Requirement:
Could you repeat the whole listing below exactly, omitting any picture it holds?
━━━━━━━━━━━━━━━━━━━━━━━━━━━━━━
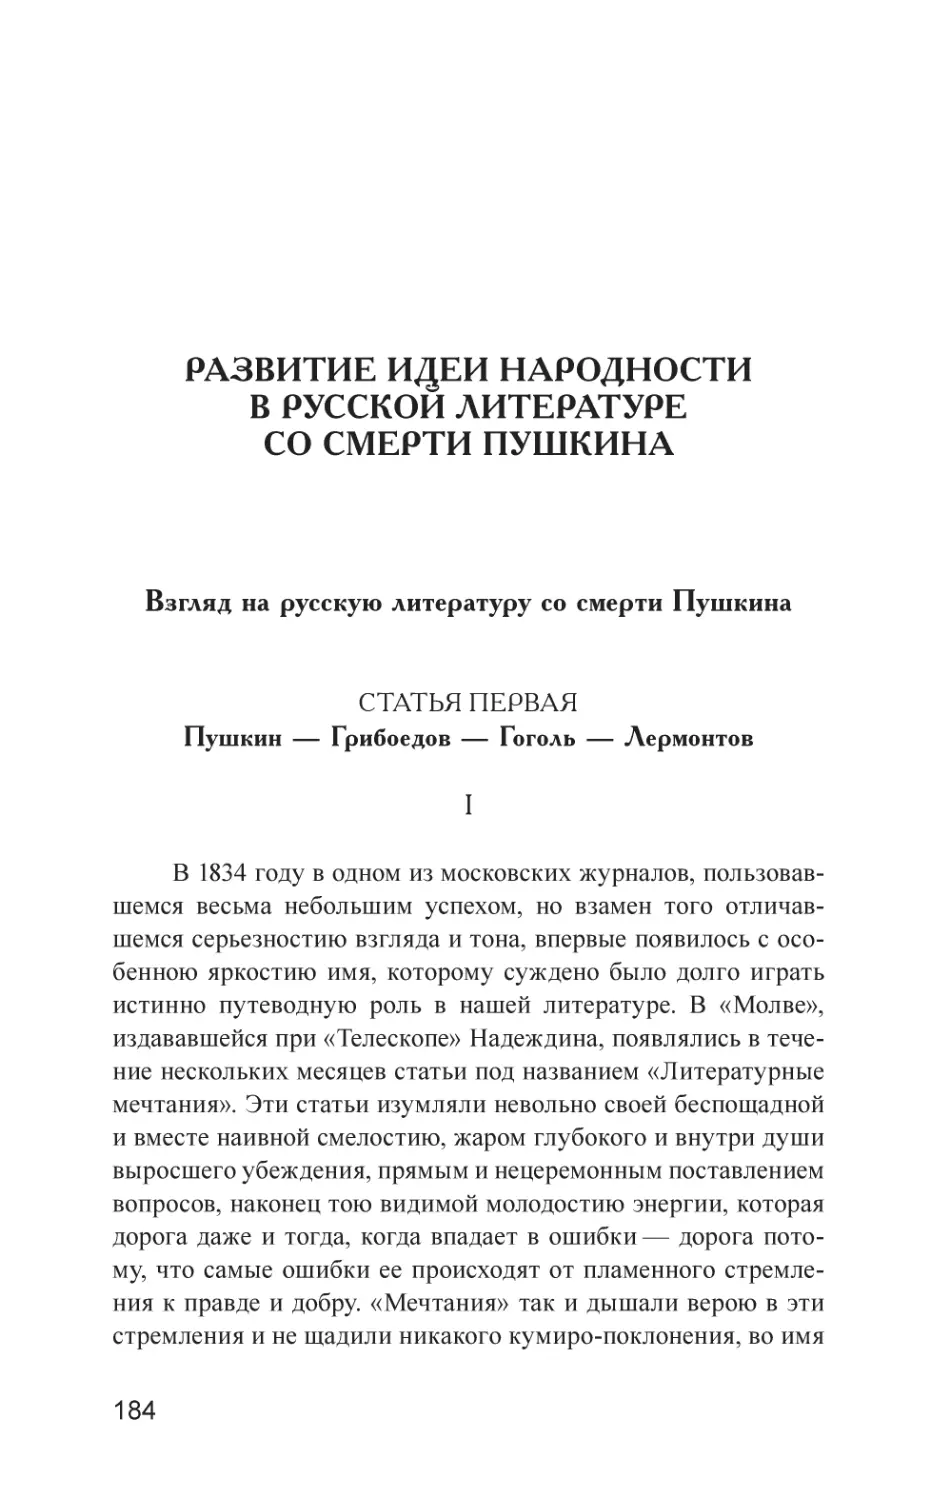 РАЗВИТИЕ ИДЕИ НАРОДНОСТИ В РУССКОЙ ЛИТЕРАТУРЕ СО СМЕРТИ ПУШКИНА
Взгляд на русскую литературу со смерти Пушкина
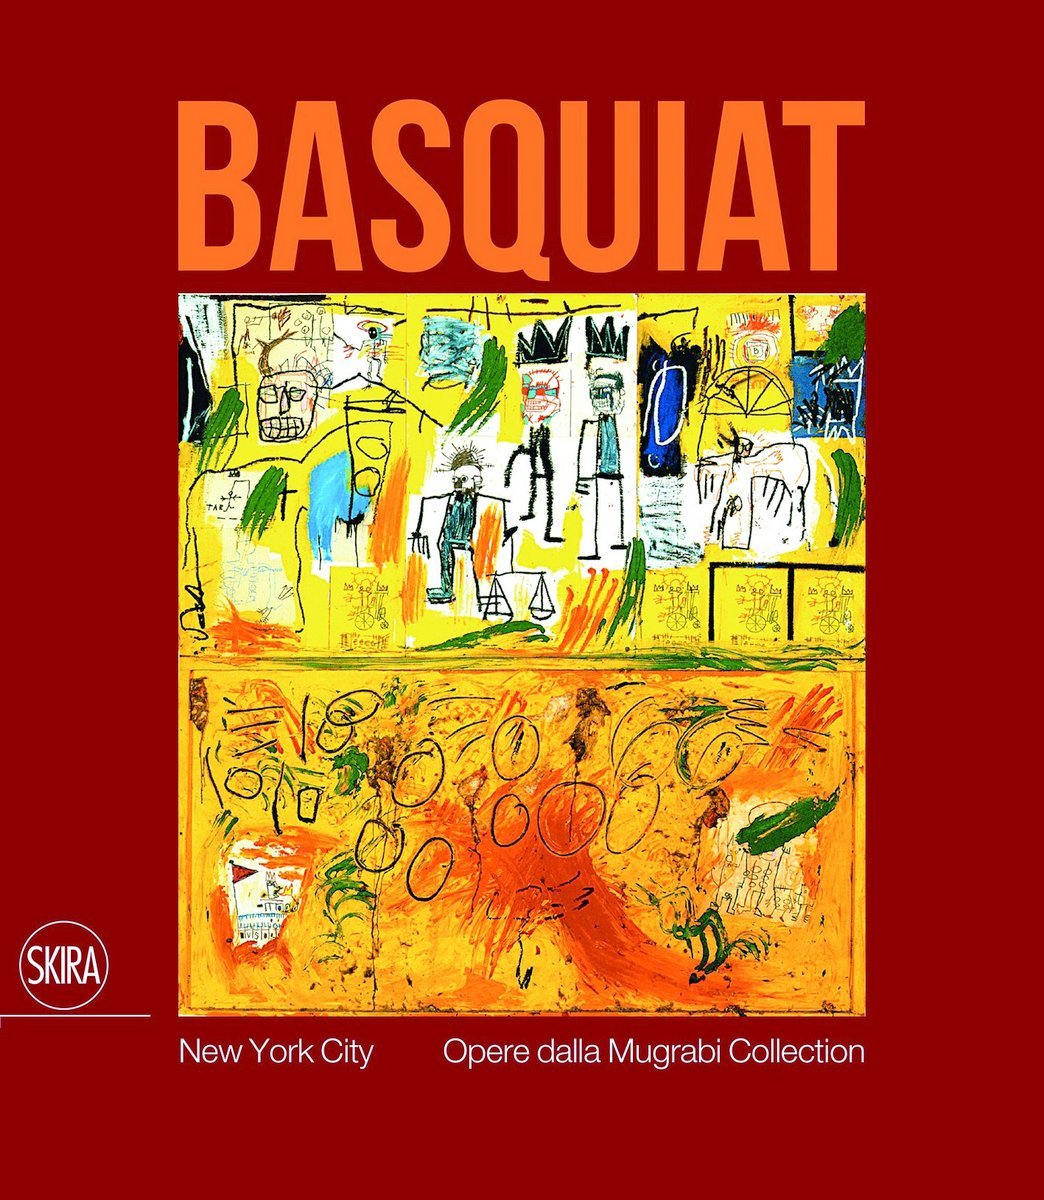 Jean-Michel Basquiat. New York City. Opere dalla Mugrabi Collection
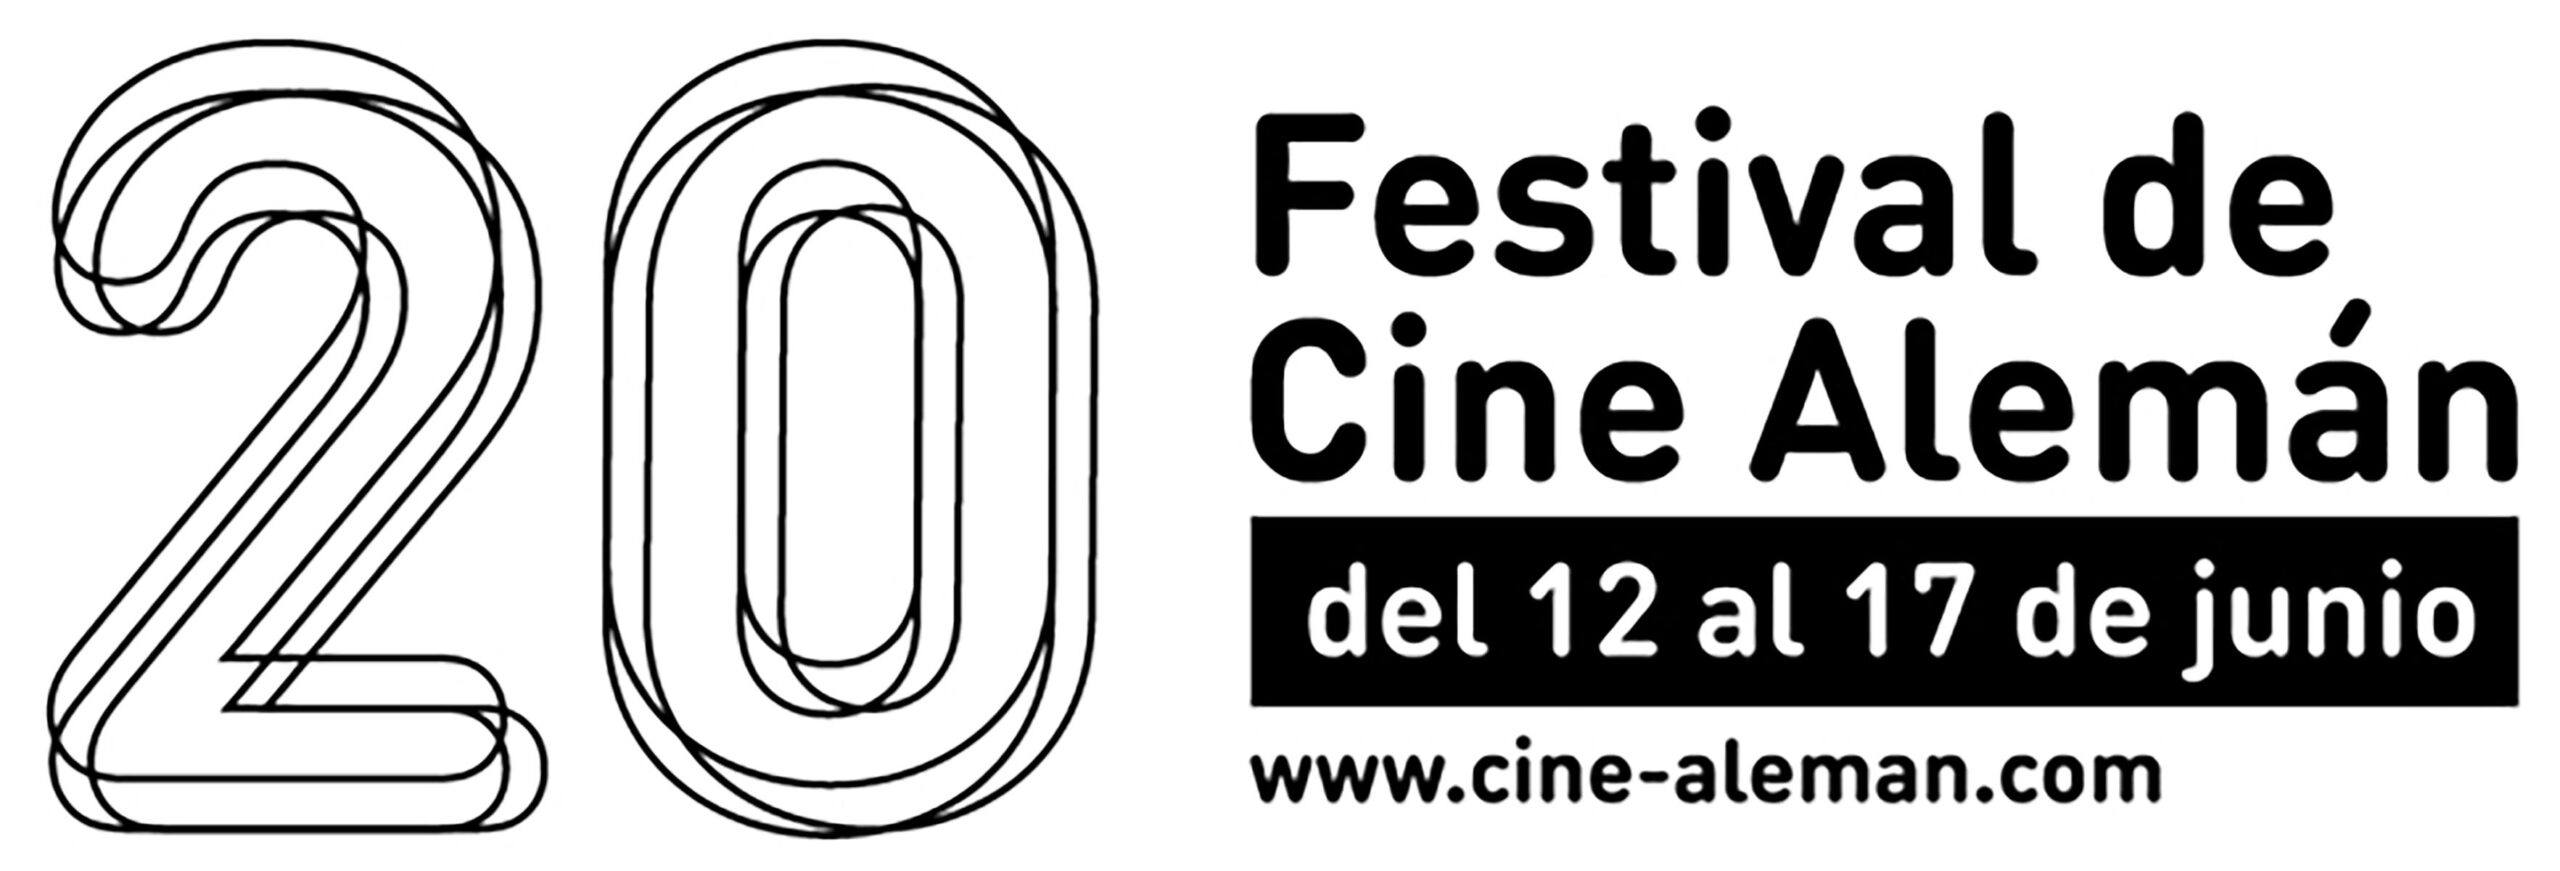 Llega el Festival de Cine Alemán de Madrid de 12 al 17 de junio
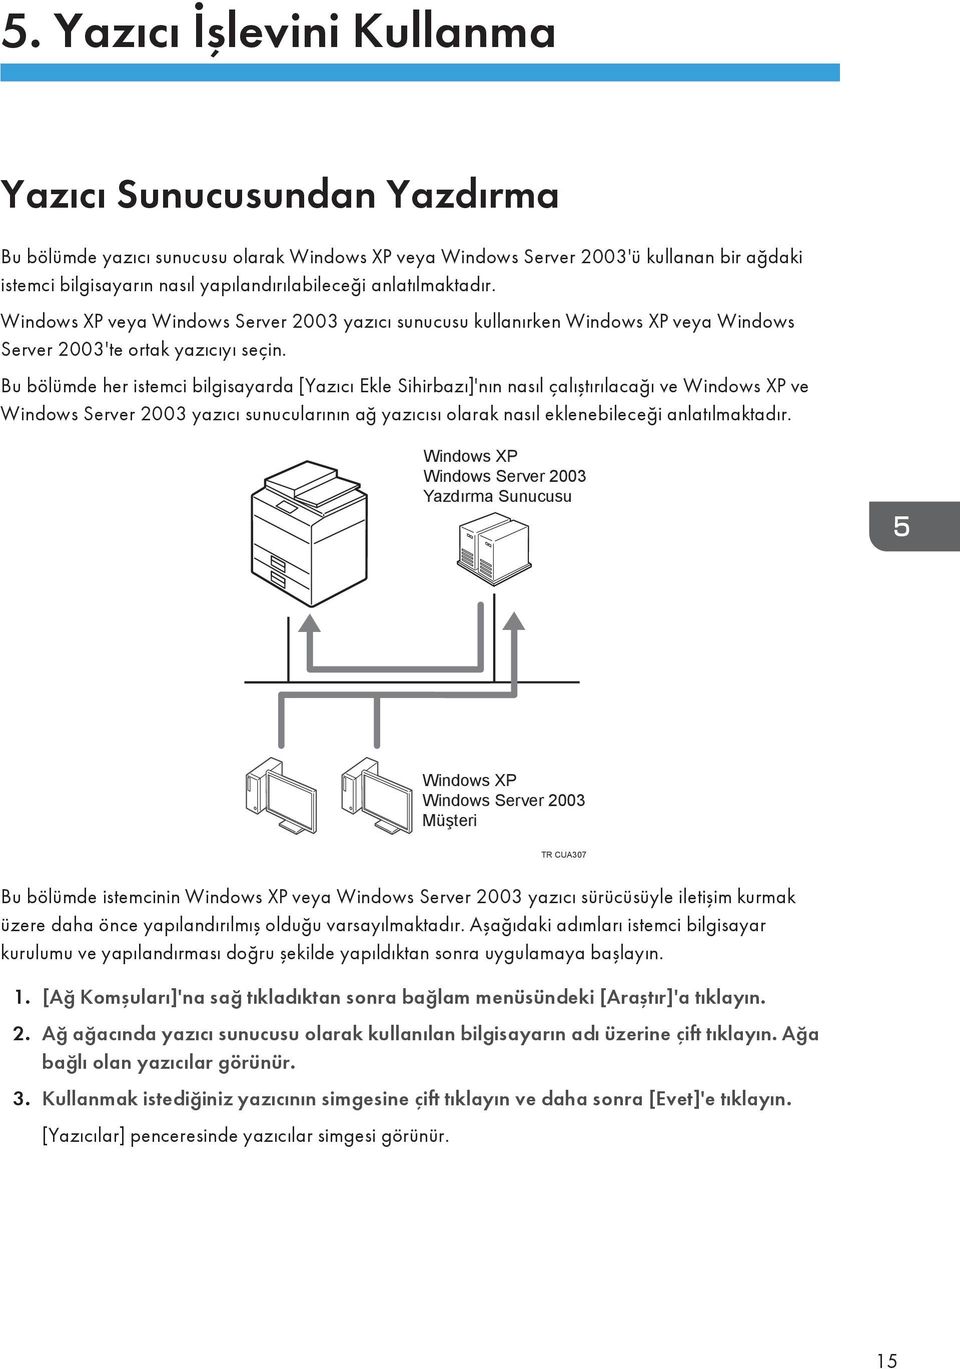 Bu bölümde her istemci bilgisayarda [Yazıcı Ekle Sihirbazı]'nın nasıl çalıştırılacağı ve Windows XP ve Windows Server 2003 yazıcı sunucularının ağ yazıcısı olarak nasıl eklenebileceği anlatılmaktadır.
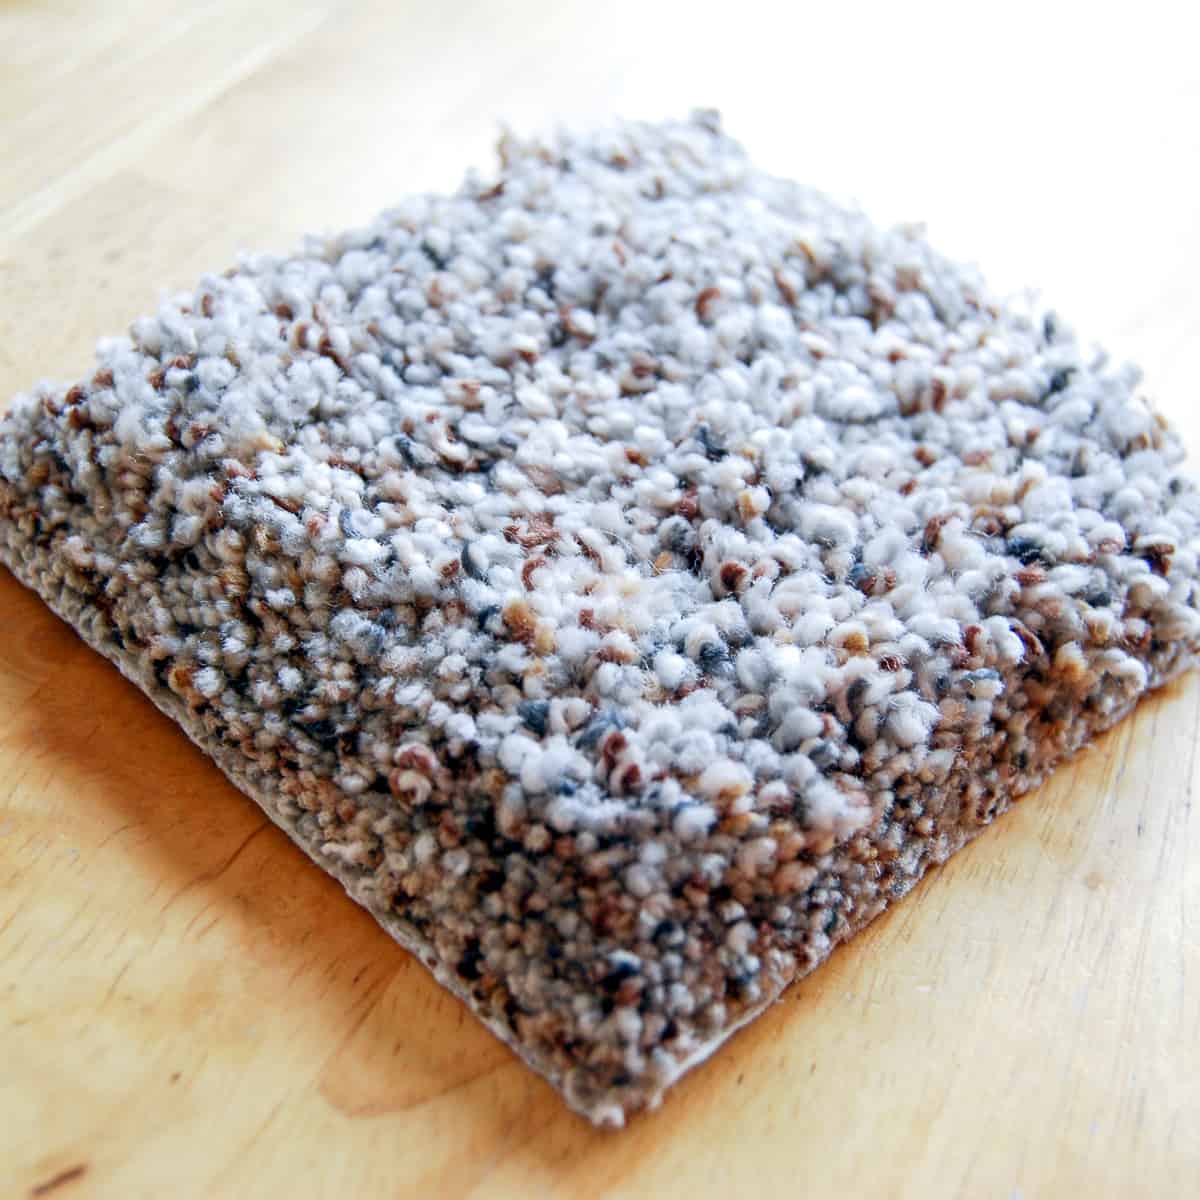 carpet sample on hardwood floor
━━━━━━━━━━━━━━━━━━━━━━━━━━━━━━
Your response:
 РАЗВИТИЕ ИДЕИ НАРОДНОСТИ В РУССКОЙ ЛИТЕРАТУРЕ СО СМЕРТИ ПУШКИНА
Взгляд на русскую литературу со смерти Пушкина
 Jean-Michel Basquiat. New York City. Opere dalla Mugrabi Collection
 Llega el Festival de Cine Alemán de Madrid de 12 al 17 de junio
 Bu bölümde her istemci bilgisayarda [Yazıcı Ekle Sihirbazı]'nın nasıl çalıştırılacağı ve Windows XP ve Windows Server 2003 yazıcı sunucularının ağ yazıcısı olarak nasıl eklenebileceği anlatılmaktadır.
 carpet sample on hardwood floor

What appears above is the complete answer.